The disease is easily diagnosed. CLL is usually first suspected by the presence of a lymphocytosis, an increase in one type of the white blood cell, on a complete blood count (CBC) test. This frequently is an incidental finding on a routine physician visit. Most often the lymphocyte count is greater than 4000 cells per microliter (µl) of blood, but can be much higher. The presence of a lymphocytosis in an elderly individual should raise strong suspicion for CLL, and a confirmatory diagnostic test, in particular flow cytometry, should be performed unless clinically unnecessary.

The diagnosis of CLL is based on the demonstration of an abnormal population of B lymphocytes in the blood, bone marrow, or tissues that display an unusual but characteristic pattern of molecules on the cell surface. This atypical molecular pattern includes the coexpression of cells surface markers cluster of differentiation 5 (CD5) and cluster of differentiation 23 (CD23). In addition, all the CLL cells within one individual are clonal, that is, genetically identical. In practice, this is inferred by the detection of only one of the mutually exclusive antibody light chains, kappa or lambda, on the entire population of the abnormal B cells. 

Normal B lymphocytes consist of a stew of different antibody-producing cells, resulting in a mixture of both kappa and lambda expressing cells. The lack of the normal distribution of kappa and lambda producing B cells is one basis for demonstrating clonality, the key element for establishing a diagnosis of any B cell malignancy (B cell non-Hodgkin lymphoma).

The combination of the microscopic examination of the peripheral blood and analysis of the lymphocytes by flow cytometry to confirm clonality and marker molecule expression is needed to establish the diagnosis of CLL. Both are easily accomplished on a small amount of blood. A flow cytometer is an instrument that can examine the expression of molecules on individual cells in fluids. This requires the use of specific antibodies to marker molecules with fluorescent tags recognized by the instrument. 
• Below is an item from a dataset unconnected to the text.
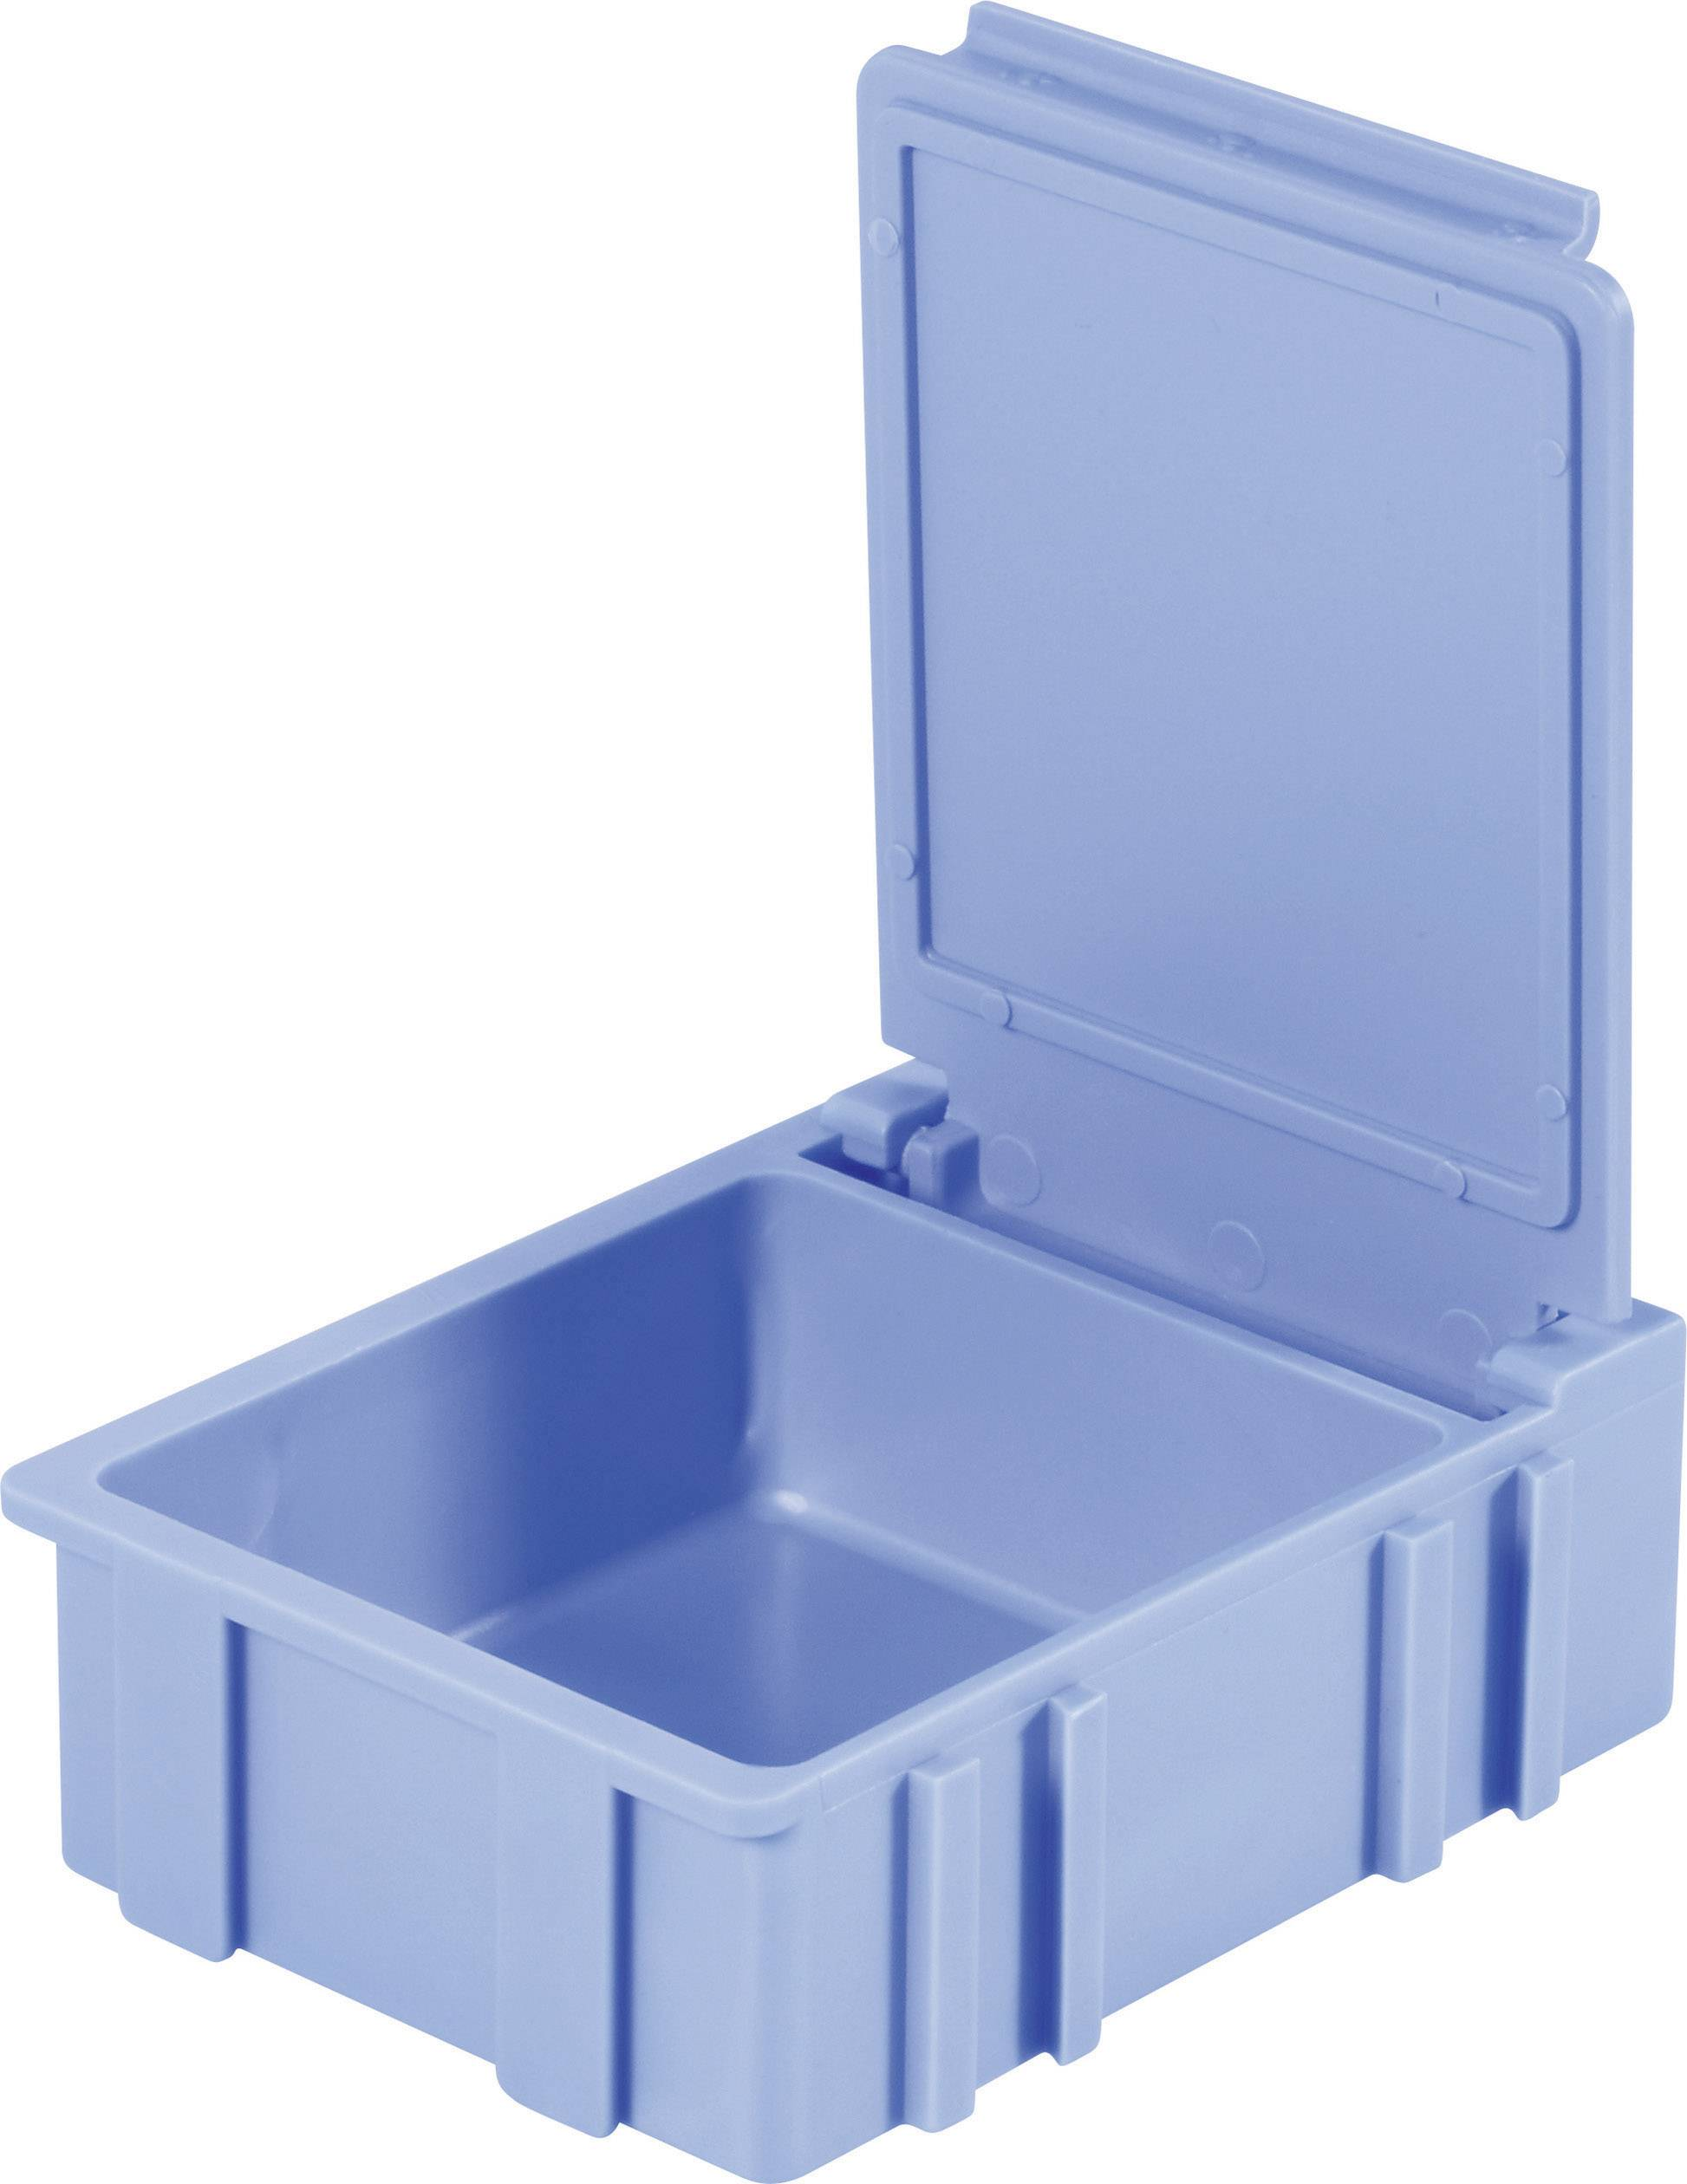 Box pro SMD součástky Licefa, N32288, 41 x 37 x 15 mm, modrá

In CLL, the lymphocytes are genetically clonal, of the B cell lineage (express marker molecules cluster of differentiation 19 (CD19) and CD20), and characteristically express the marker molecules CD5 and CD23. These B cells resemble normal lymphocytes under the microscope, although slightly smaller, and are fragile when smeared onto a glass slide, giving rise to many broken cells (smudge cells). 

Differential diagnosis
Hematologic disorders that may resemble CLL in their clinical presentation, behavior, and microscopic appearance include mantle cell lymphoma, marginal zone lymphoma, B cell prolymphocytic leukemia, and lymphoplasmacytic lymphoma.
  • B cell prolymphocytic leukemia (B PLL), a related, but more aggressive disorder, has cells with similar phenotype, but are significantly larger than normal lymphocytes and have a prominent nucleolus. The distinction is important as the prognosis and therapy differs from CLL.
  • Hairy cell leukemia is also a neoplasm of B lymphocytes, but the neoplastic cells have a distinct morphology under the microscope (hairy cell leukemia cells have delicate, hair-like projections on their surface) and unique marker molecule expression.
All the B cell malignancies of the blood and bone marrow can be differentiated from one another by the combination of cellular microscopic morphology, marker molecule expression, and specific tumor-associated gene defects. This is best accomplished by evaluation of the patient's blood, bone marrow and occasionally lymph node cells by a pathologist with specific training in blood disorders. A flow cytometer is necessary for cell marker analysis, and the detection of genetic problems in the cells may require visualizing the DNA changes with fluorescent probes by FISH.